Having left to look for her daughter’s personal effects, Josée Brunet says she had great difficulty in locating the place of the accident. She is categorical: “If she didn’t manage on her own, no one would come looking for her. »

The one who is in her third term as mayor of Rivière-Saint-Jean sees it as another example of the urgency of providing the region with an adequate connection to the cellular network. At a time when more and more tourists are going to the North Shore, “it is unacceptable that in 2022, we are left like this,” she said.

What’s more, the company Telus submitted bids in the spring of 2020 for two different projects on the territory of the MRC de Minganie in order to connect it to the cellular network as part of the launch of the Broadband Fund, to fill the gap digital technology in Canada,” says Josée Brunet.

But after being pushed back from fall 2020 to 2021, the response from the Canadian Radio-television and Telecommunications Commission (CRTC) to this request for funding is still lagging behind.

A matter of security

So much so that the region’s federal MP, Bloc member Marilène Gill, wrote a letter to the regulatory body on April 28 to urge it to make a decision.

Ironically, she mentions the risk that the absence of a cellular network represents for the Minganois. “Deprived of a cellular network on large sections of Route 138 which connects the various municipalities, you will allow me to be worried about the users who use this road. I dare not imagine the worst: that a citizen is unable to contact the emergency services to help him, ”she writes there in an almost premonitory way.

In interview with The Press, the elected official confirms that she is still awaiting a response from the CRTC. Herself a victim of the lack of cellular network in Minganie when she broke down 17 km from the village of Rivière-au-Tonnerre during the election campaign last fall, she knows the issue well.

“It’s a matter of security. Today, if the police, firefighters, paramedics go on the road and receive a call, they no longer have a connection with anyone,” she explains, recalling that the pager service (pager) provided by Bell until 2019 made it possible to overcome this problem.


PHOTO OLIVIER JEAN, LA PRESSE ARCHIVES

Marilène Gill, Bloc Québécois MP for Manicouagan

The municipalities themselves try to provide spaces where there is a network, but it is the responsibility of the federal government. Everything is ready to be deployed, all that is missing is the authorization from the CRTC.

Marilène Gill, Bloc Québécois MP for Manicouagan

The CRTC did not respond to an email sent late Thursday afternoon.

A priority for the regions

Far from being limited to the Minganie region alone, the lack of cellular coverage is felt in the four corners of the province, to the point that the Quebec Federation of Municipalities has made it a priority issue.

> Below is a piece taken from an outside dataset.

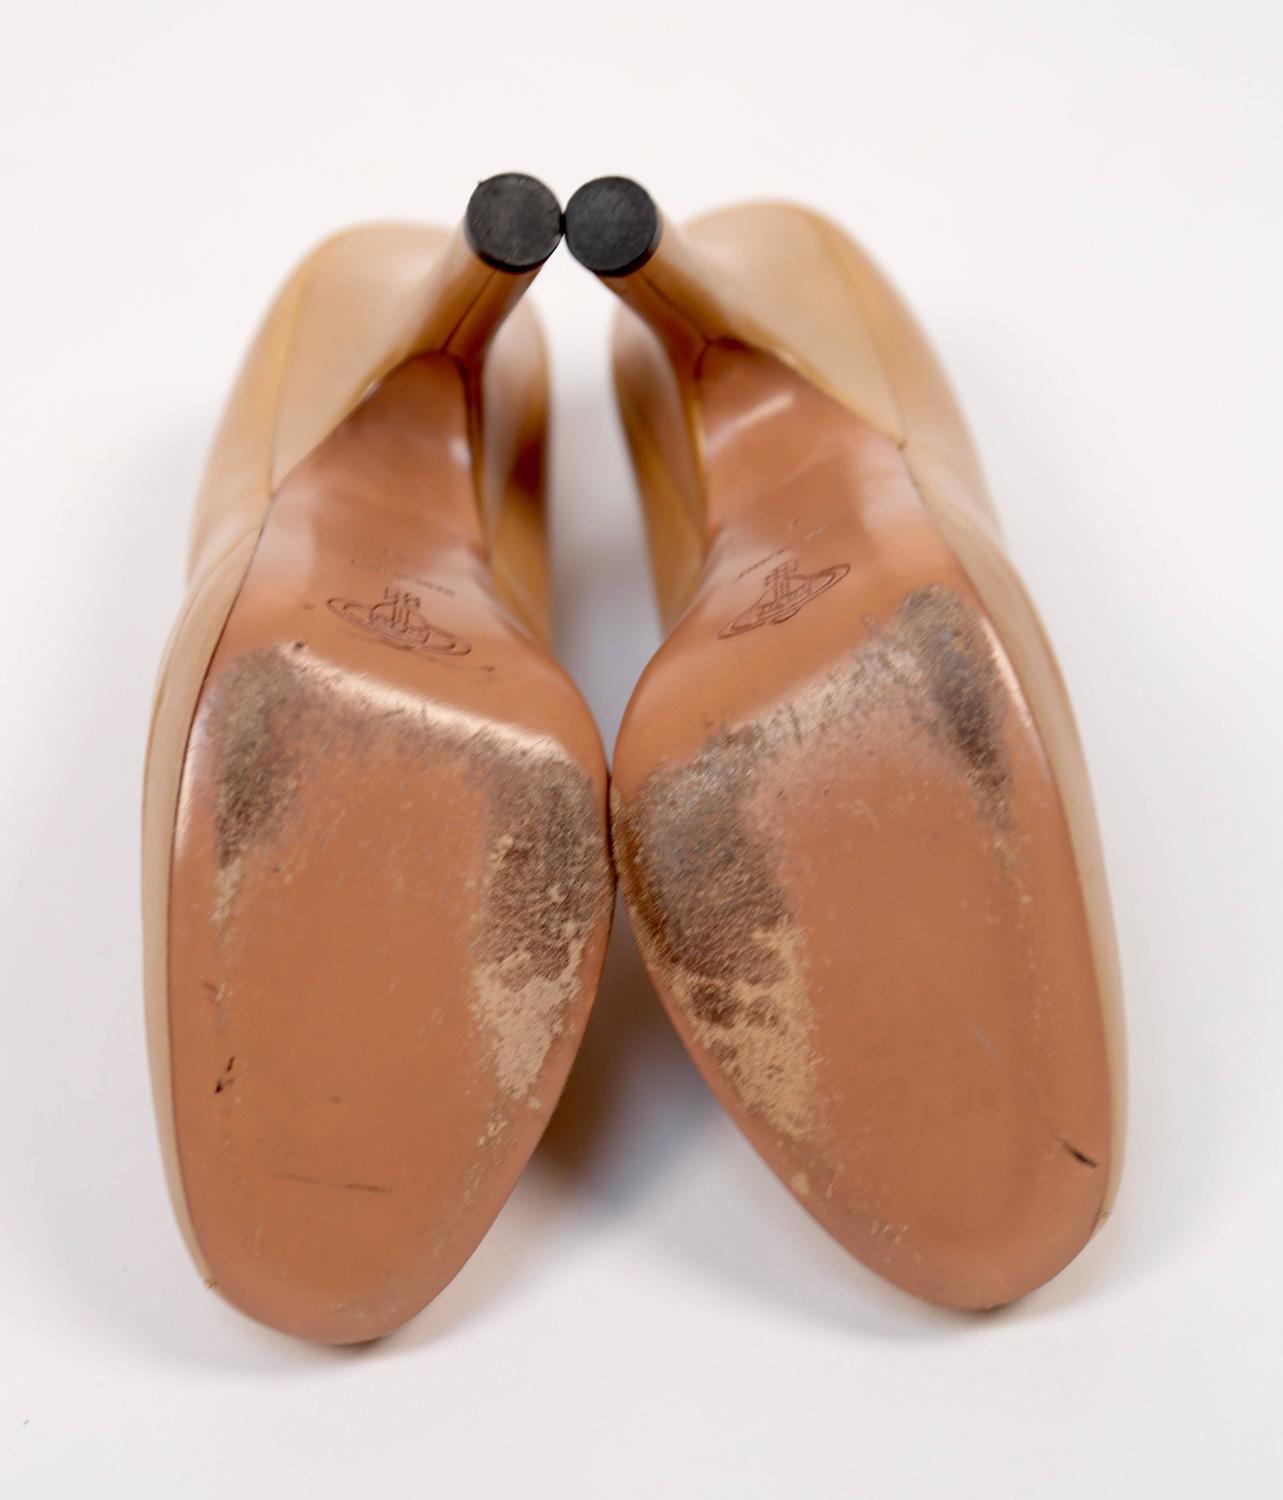 VIVIENNE WESTWOOD tan leather platform heels - 41 For Sale at 1stdibs
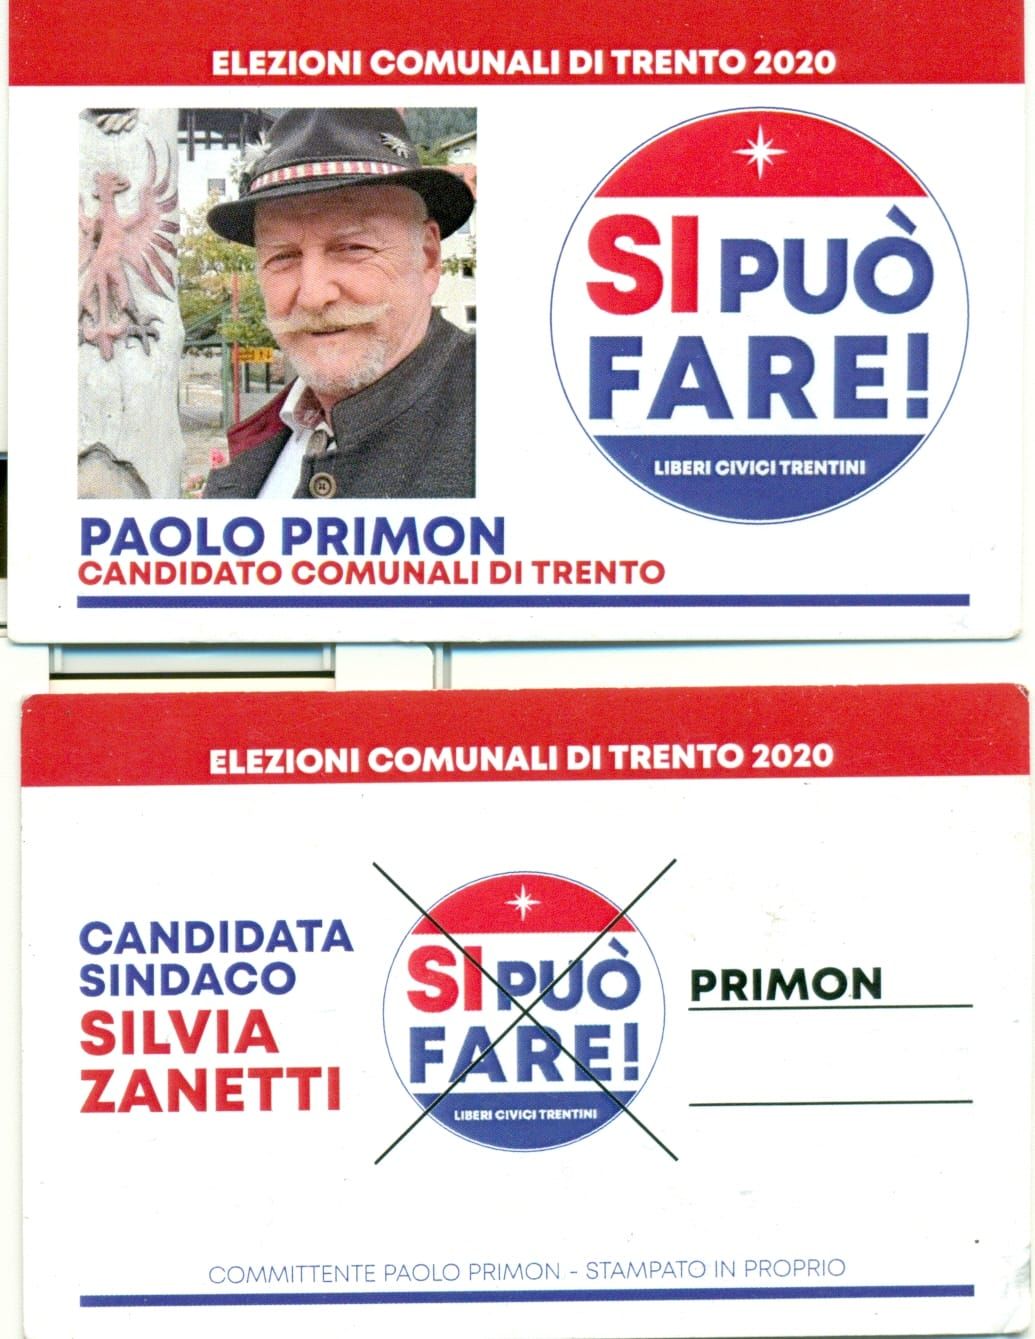 Come votare il 20-21 settembre - Elezioni comunali Trento 2020

The Association, which brings together 1,000 municipalities, is asking the Legault government to take the lead in the file by establishing a map to identify the areas that remain to be covered.

“This in order to ensure the safety of citizens throughout the territory, especially since the end of the pager,” said the president of the FQM, Jacques Demers, also mayor of Sainte-Catherine-de-Hatley.

Such a card would have made it possible to quickly connect all households in the province to high-speed Internet, according to the FQM.

In his last budget presented in March, the Minister of Finance, Eric Girard, reserved the sum of 50 million for the question of cellular coverage, but Quebec has not yet specified what exactly this sum will be used for.